The error context is in the behavior of the hw. If the error is fatal, you
won't see it - the machine will panic or do something else to prevent error
propagation. It definitely won't run any software anymore.
If you see the error getting logged, it means it is not fatal enough to kill
the machine.
One place in the fatal case where I would like to see more information is the
"Action required: data load in error *UN*recoverable area of kernel"
[emphasis on the "UN" added].
case. We have a few places where the kernel does recover. And most places
we crash.
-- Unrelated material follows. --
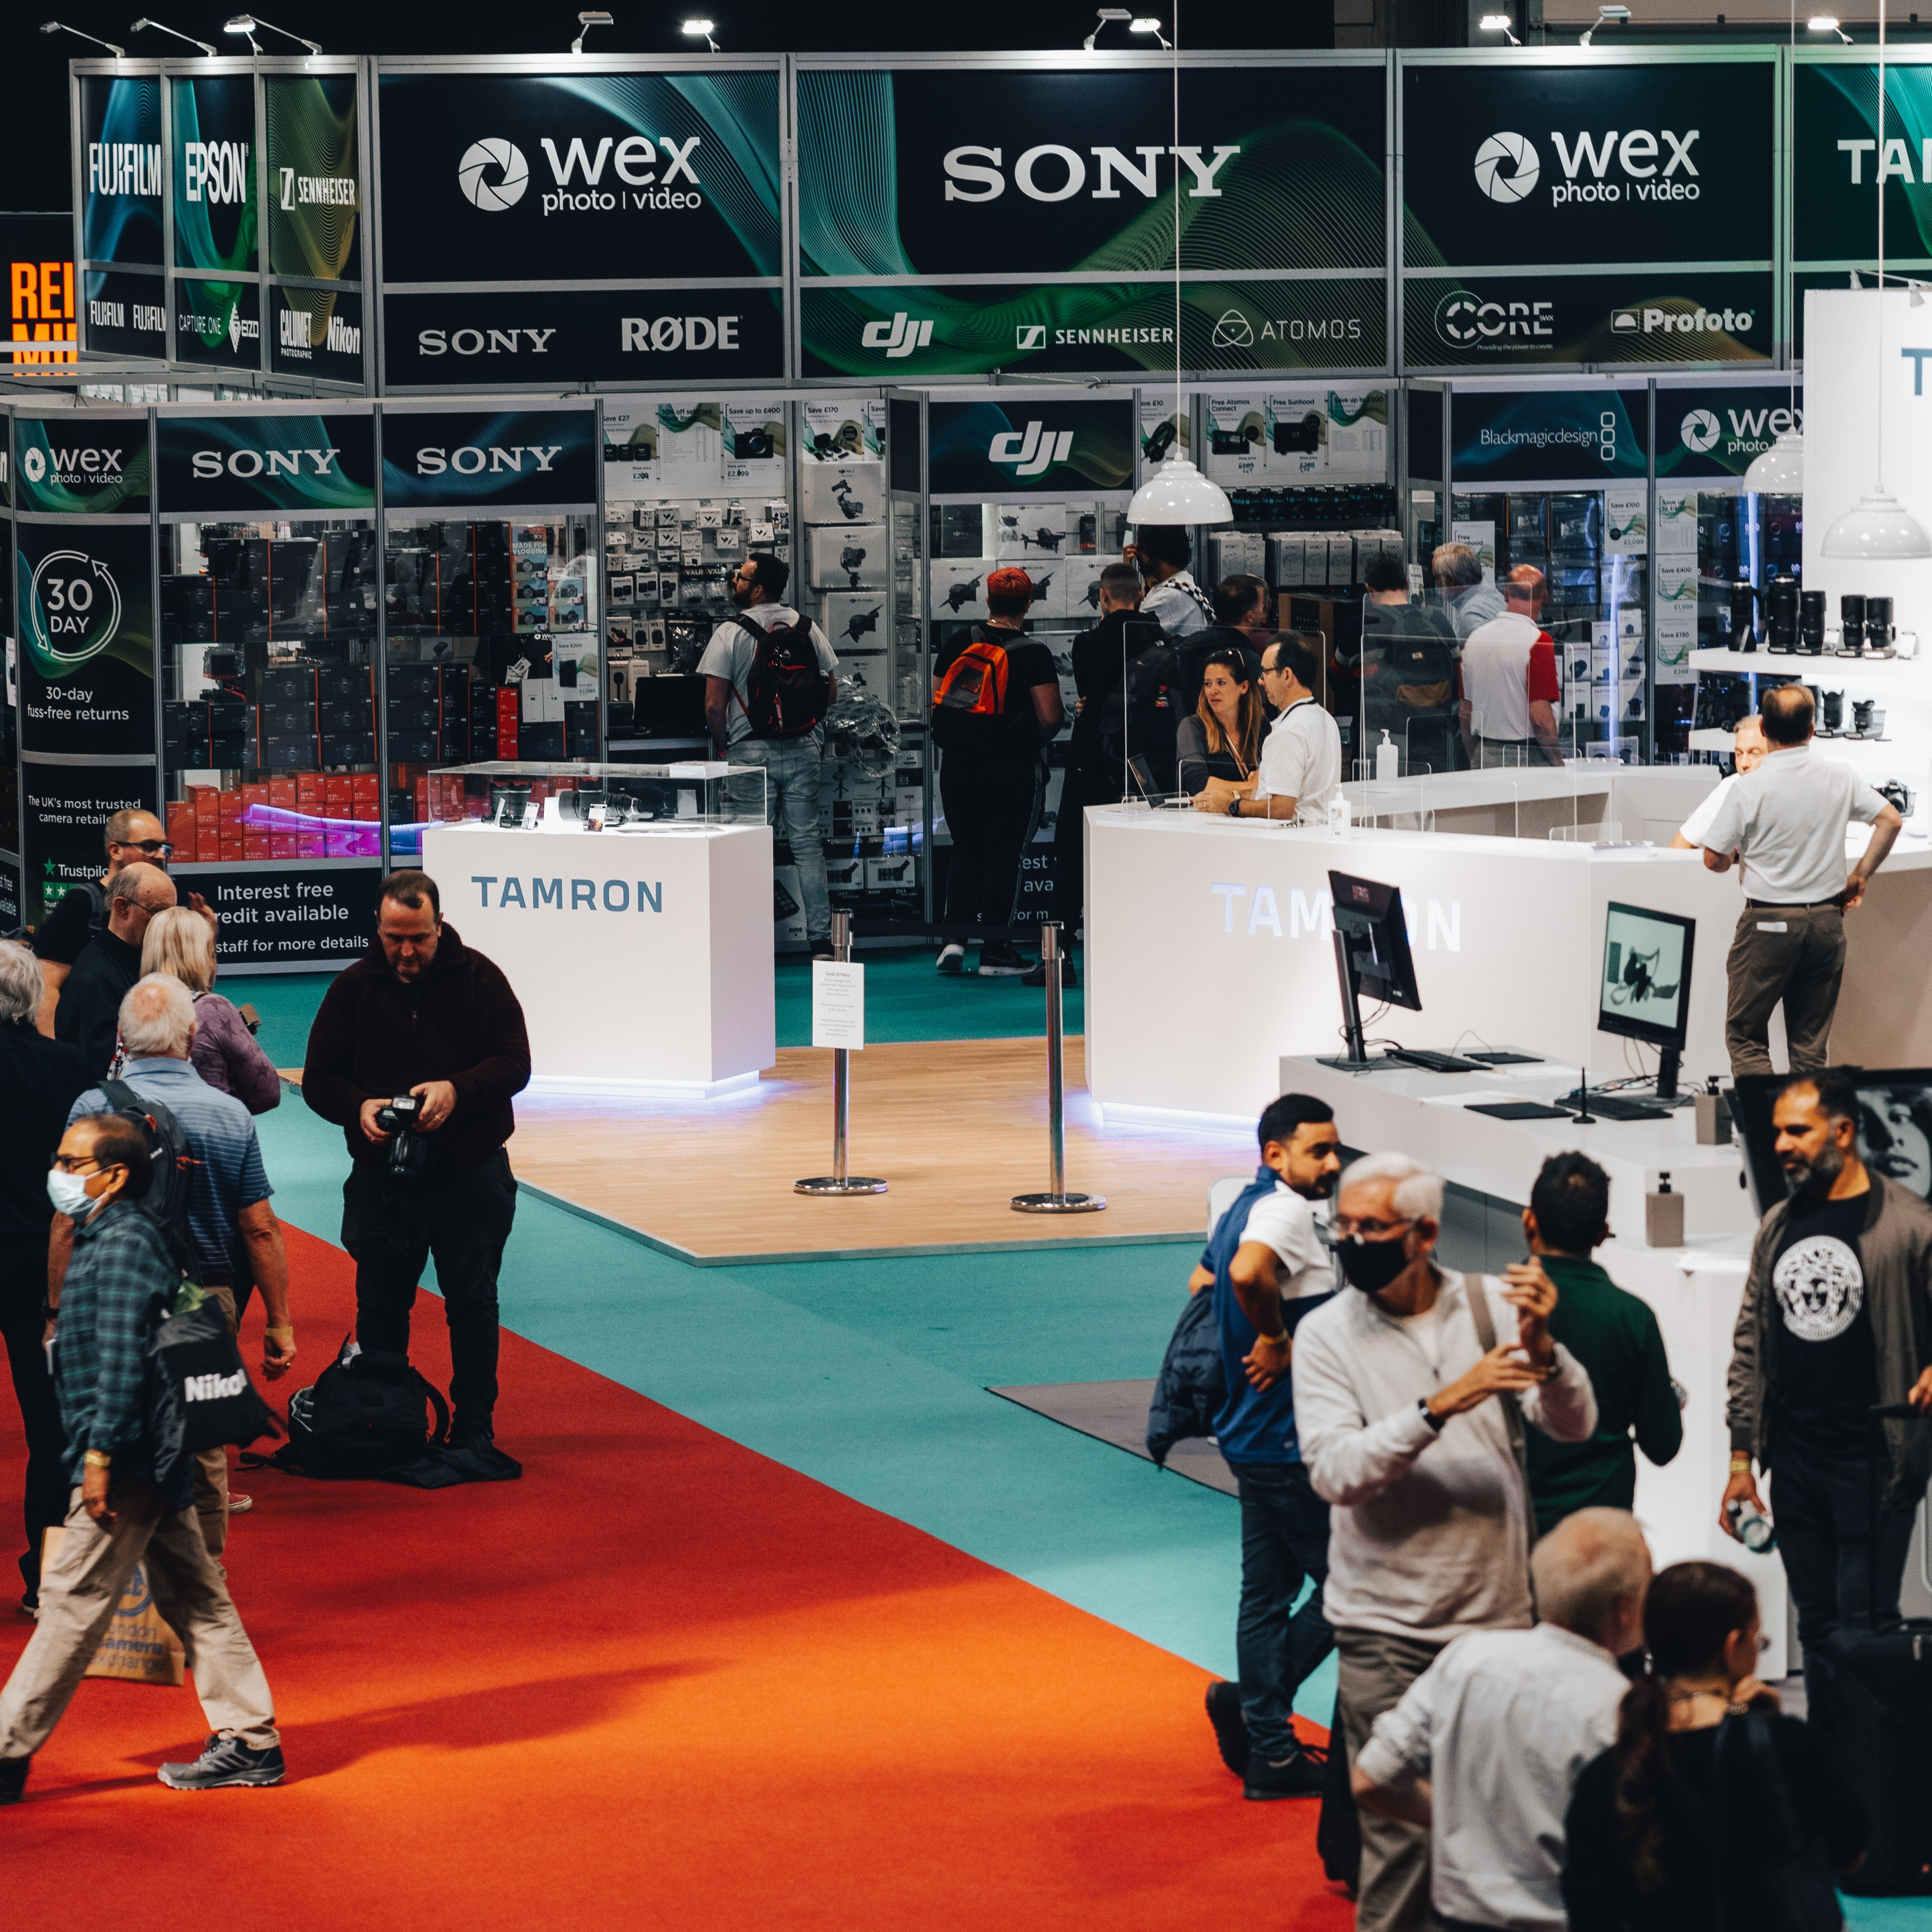 Custom Trade Show Displays: Building Brands and Engaging Audiences

Our code for the recoverable cases is fragile.Most of this series is
about repairing regressions where we used to recover from places where kernel
is doing get_user() or copy_from_user() which can be recovered if those places
get an error return and the kernel kills the process instead of crashing.
A long time ago I posted some patches to include a stack trace for this type
of crash. It didn't make it into the kernel, and I got distracted by other things.
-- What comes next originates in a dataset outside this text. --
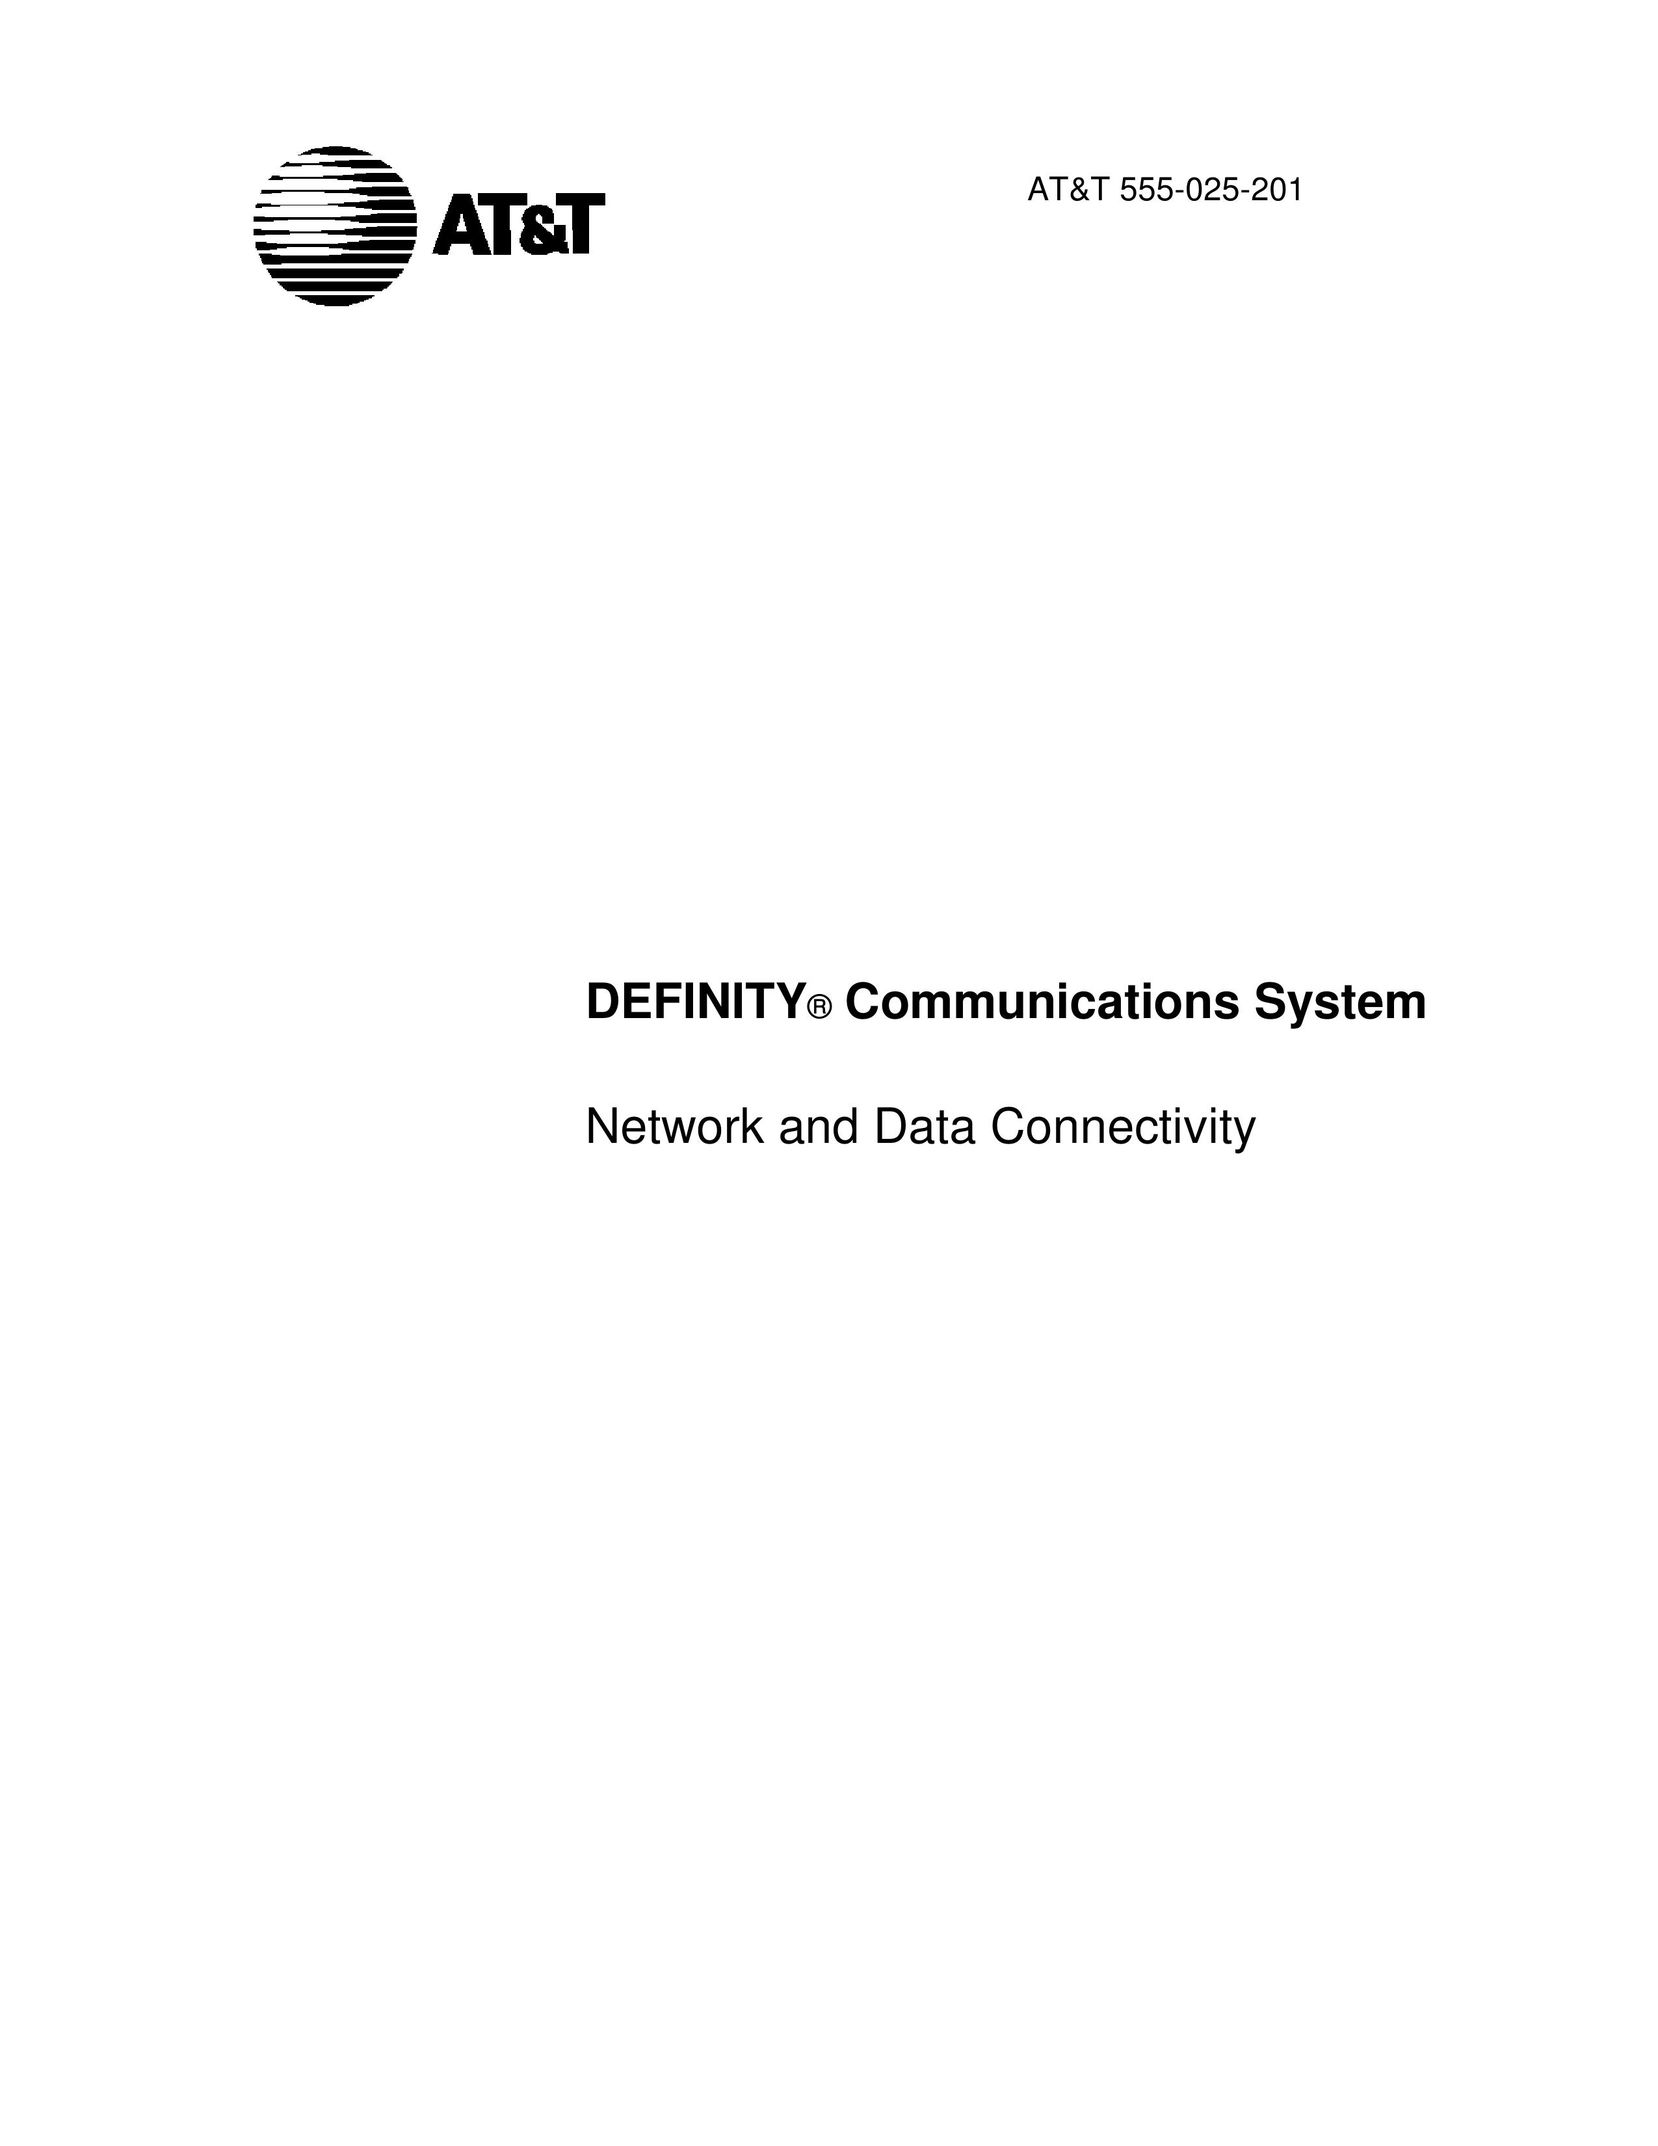 AT&T 7400 series Network Router User Manual

If we had that, it would have been easier to diagnose this regression (Shaui
Xie would have seen crashes with a stack trace pointing to code that used
to recover in older kernels). Folks with big clusters would also be able to
point out other places where the kernel crashes often enough that additional
EXTABLE recovery paths would be worth investigating.
So:
1) We need to fix the regressions. That just needs new commit messages
for these patches that explain the issue better.
2) I'd like to see a patch for a stack trace for the unrecoverable case.
3) I don't see much value in a message that reports the recoverable case.